● Data extracted from a collection
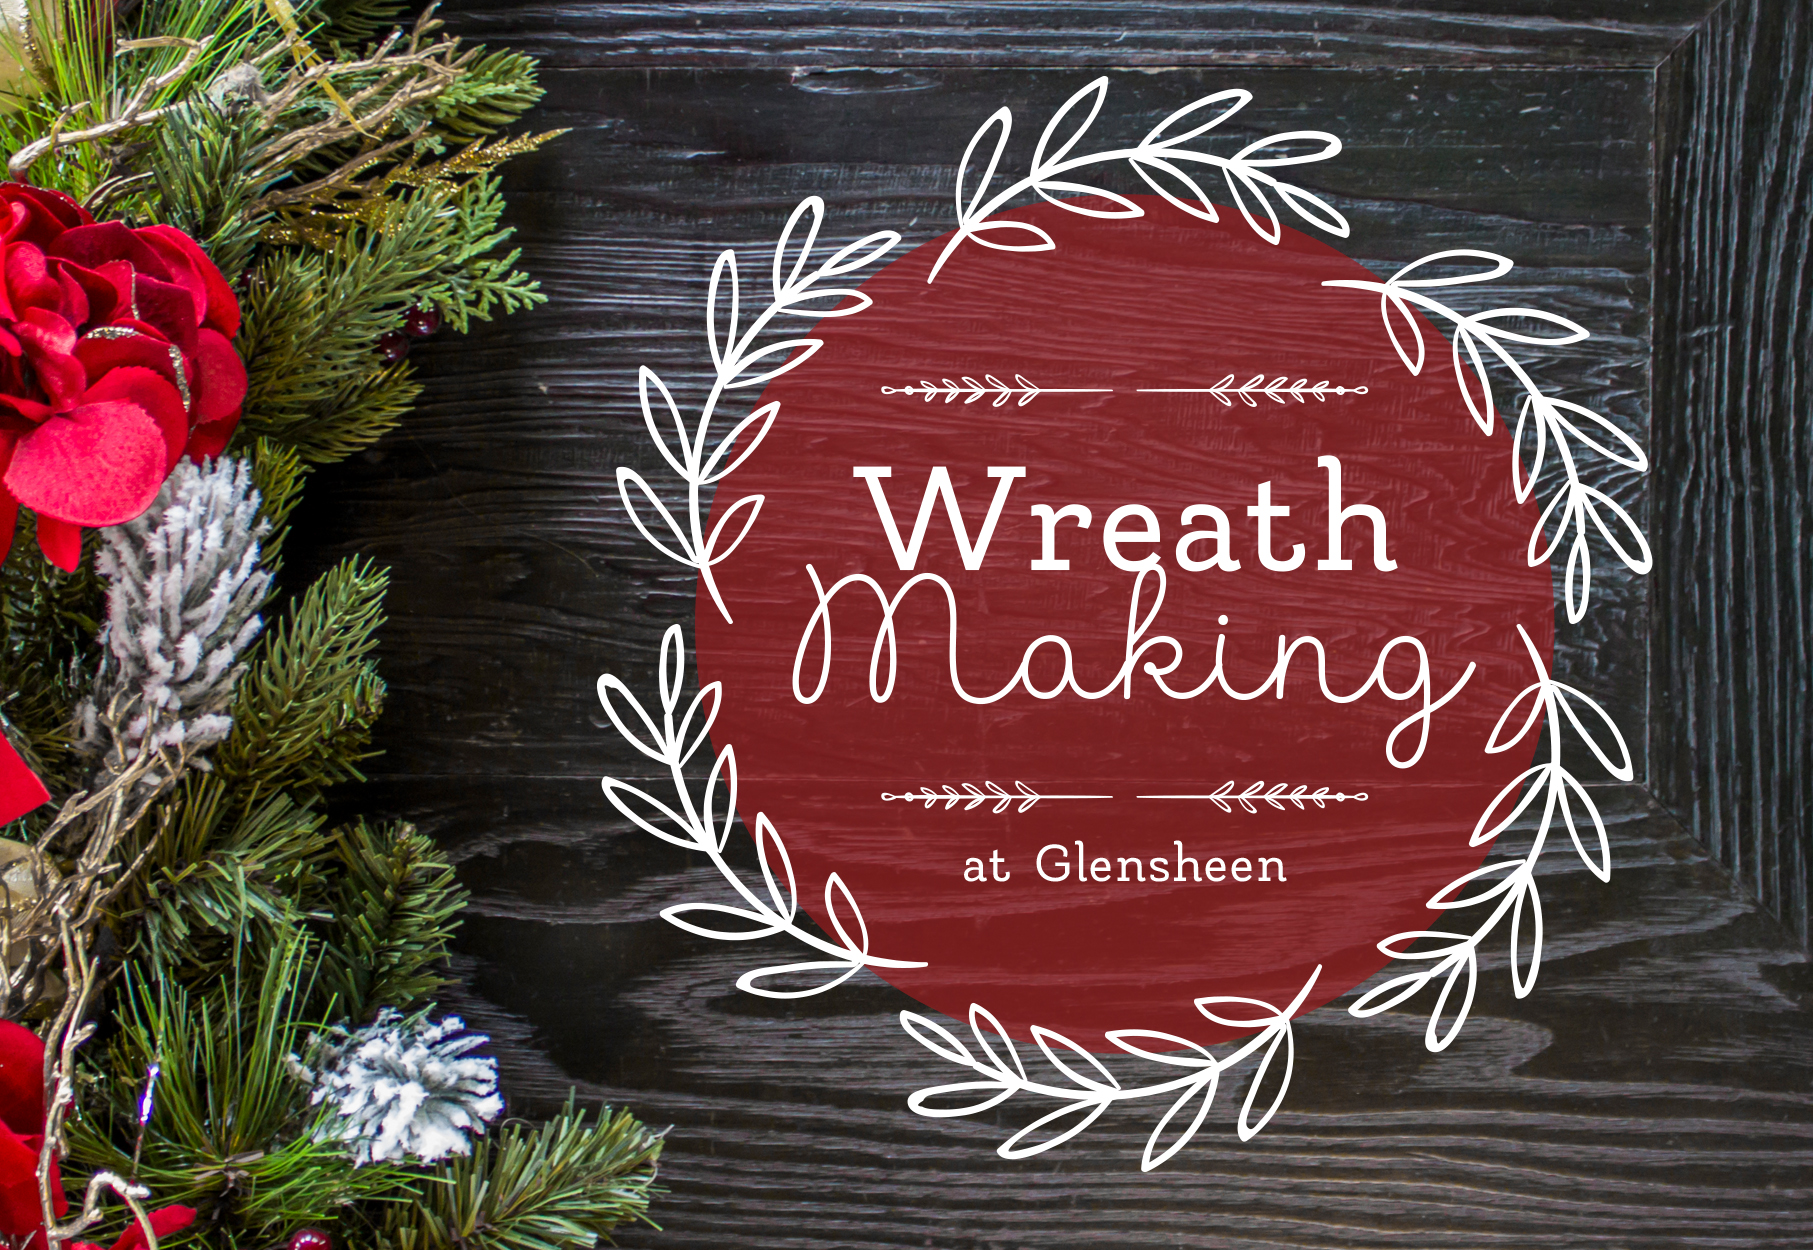 Wreath Making At Glensheen Glensheen
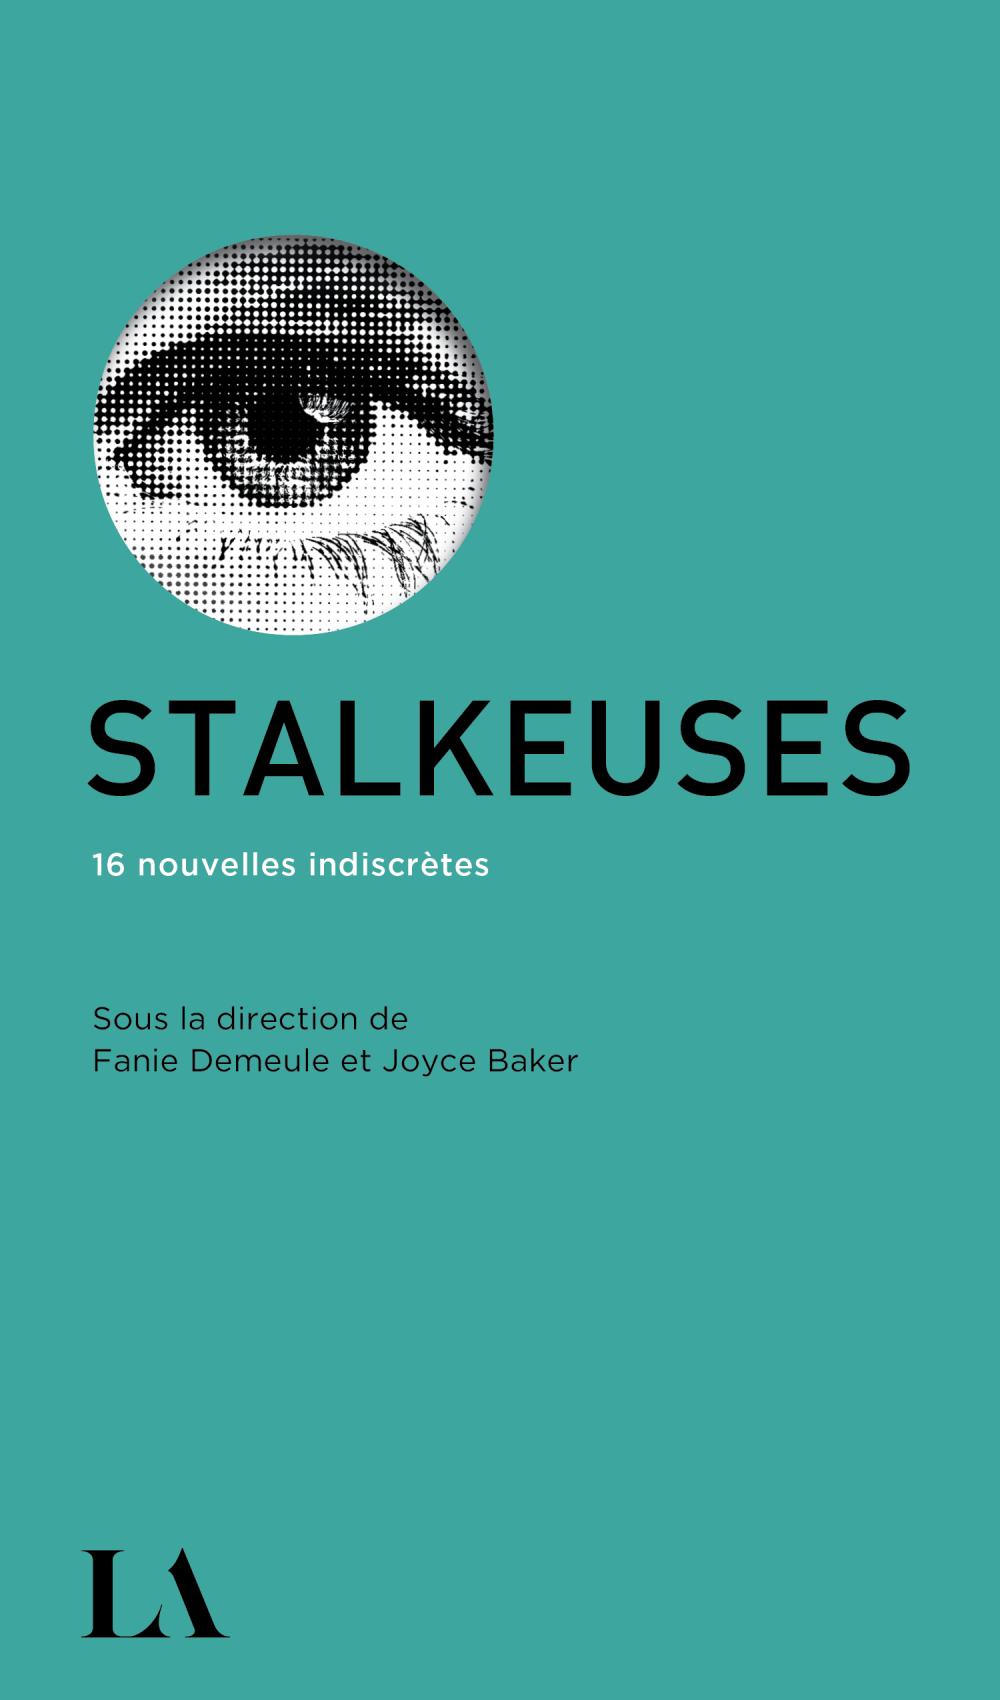 Stalkeuses. 16 nouvelles indiscretes
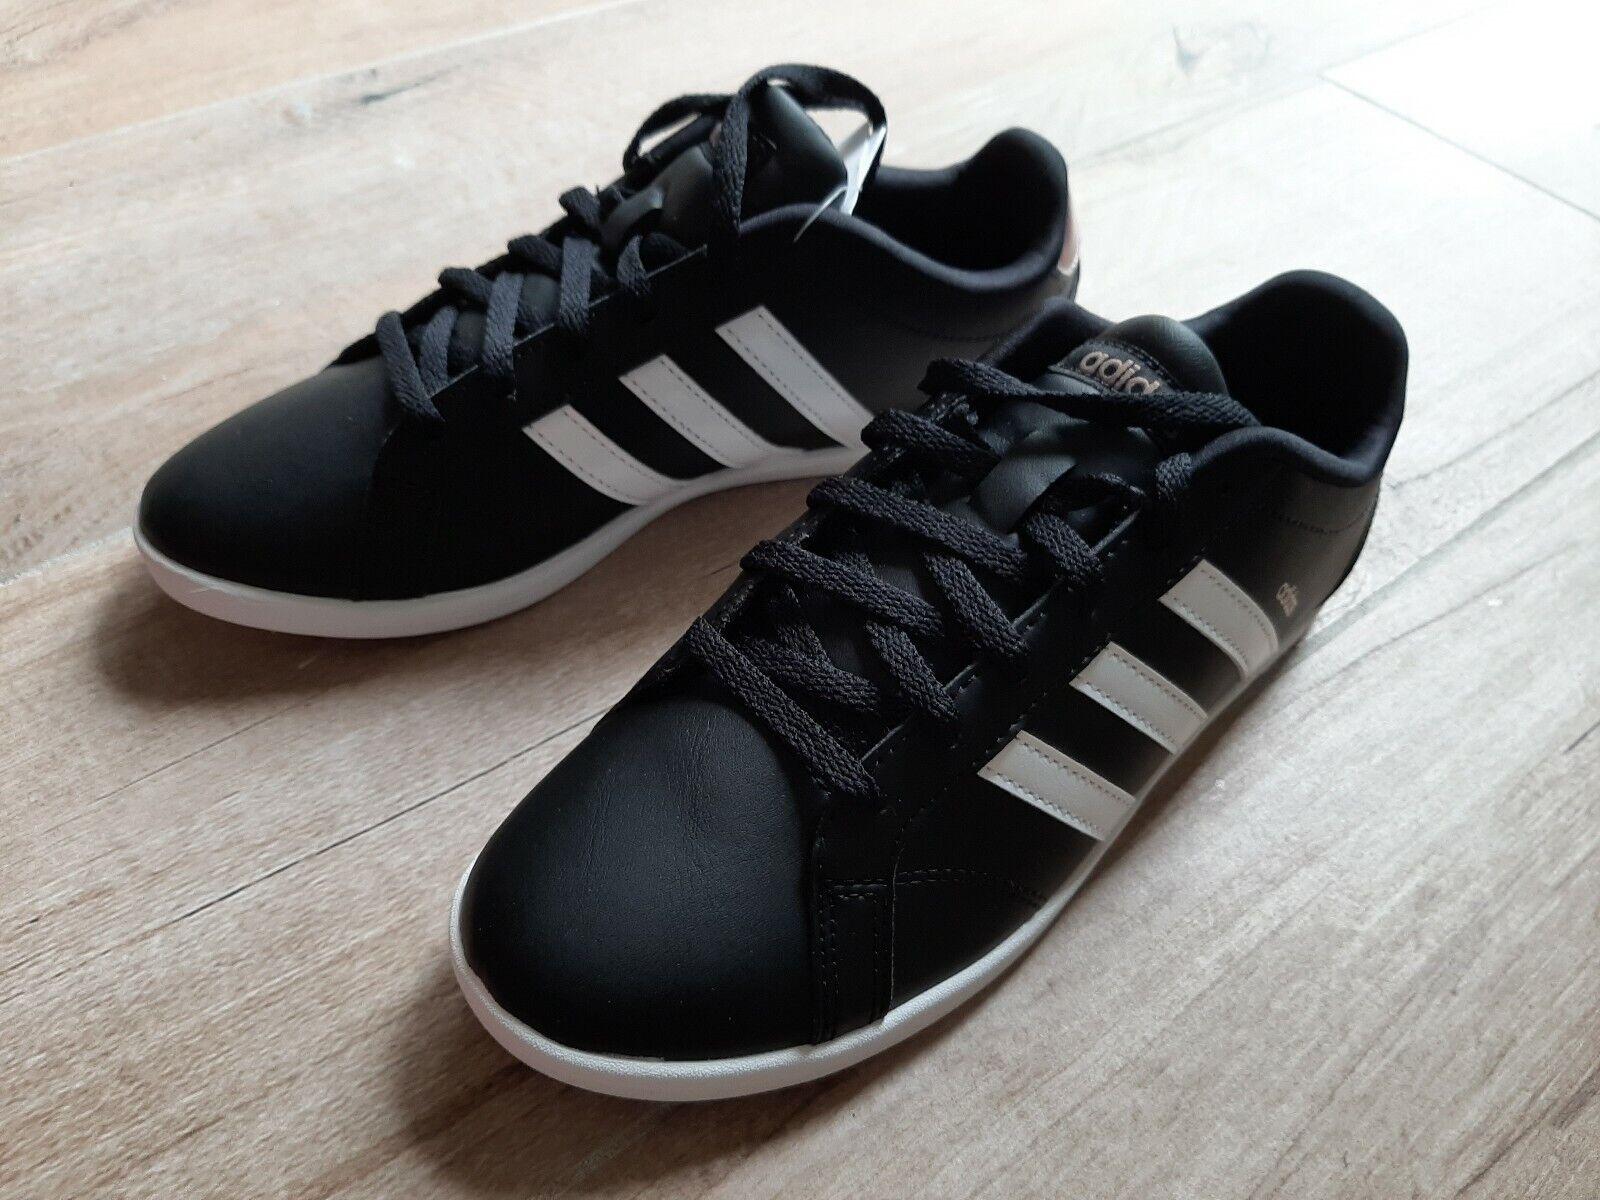 Adidas VS coneo QT W DB0126 Turnschuhe Leder Gr. 37 1 3 UK 4,5 schwarz Neu damen
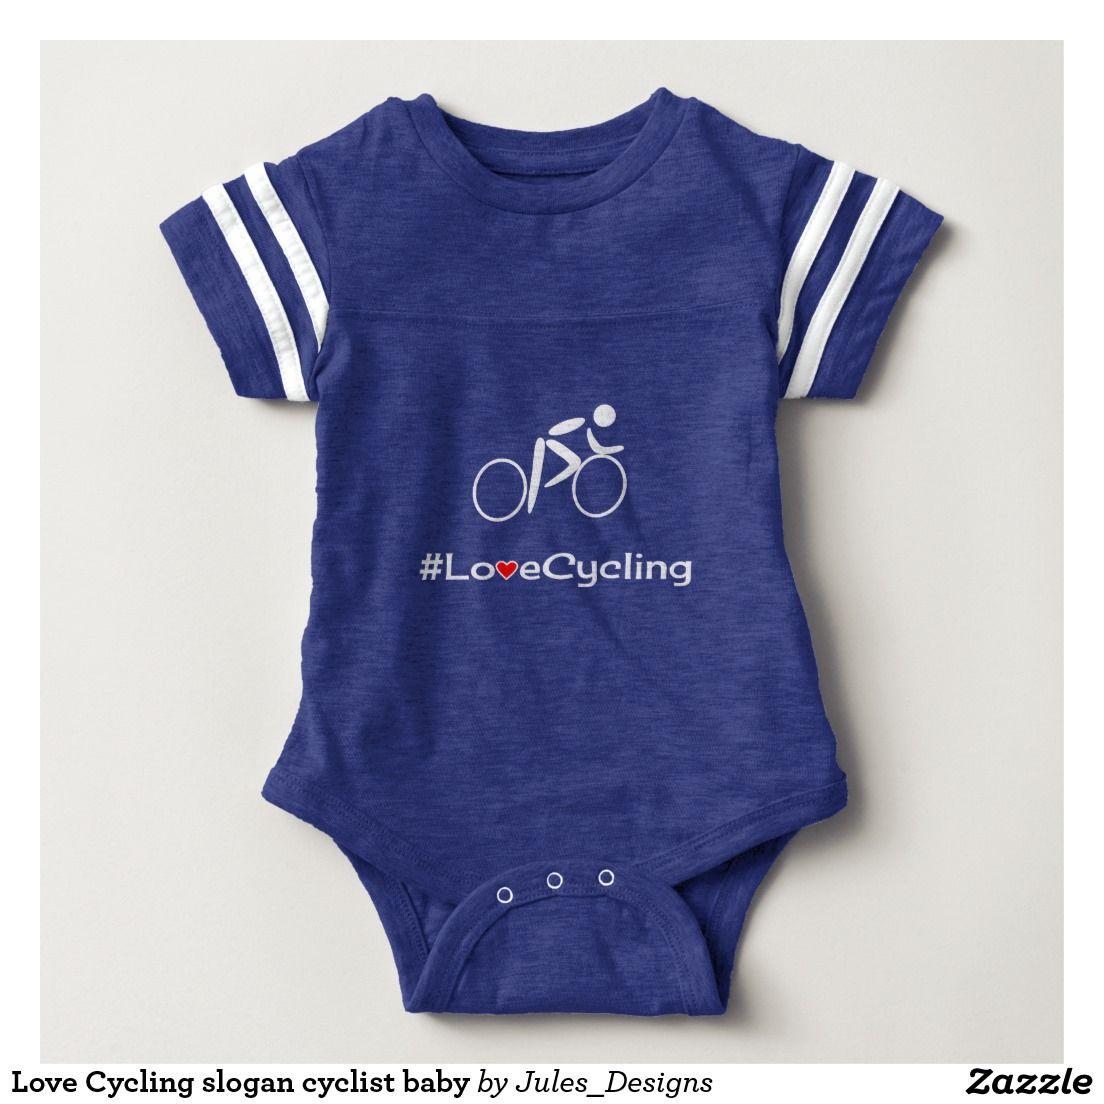 618d279839f Funny Baby Slogan T Shirts - BCD Tofu House
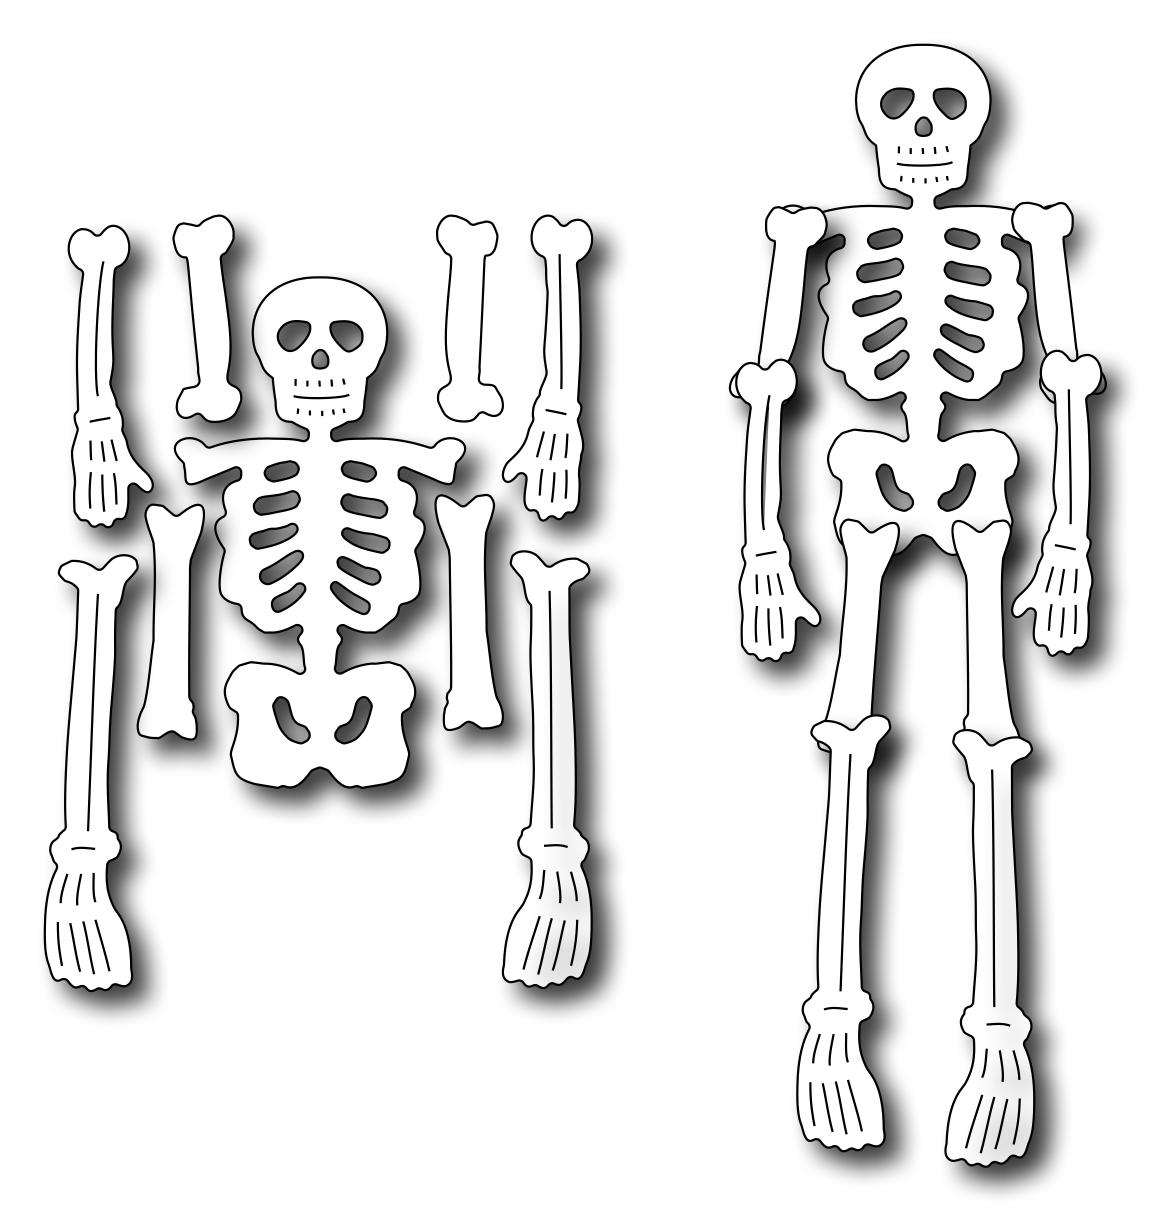 учетом скелет шаблон картинка перекатится

● WHAT THIS TASK INVOLVES
Give back the full data exactly as it reads, but drop the pictures.

● EXERCISE SOLUTION
 Wreath Making At Glensheen Glensheen
 Stalkeuses. 16 nouvelles indiscretes
 Adidas VS coneo QT W DB0126 Turnschuhe Leder Gr. 37 1 3 UK 4,5 schwarz Neu damen
 618d279839f Funny Baby Slogan T Shirts - BCD Tofu House
 учетом скелет шаблон картинка перекатится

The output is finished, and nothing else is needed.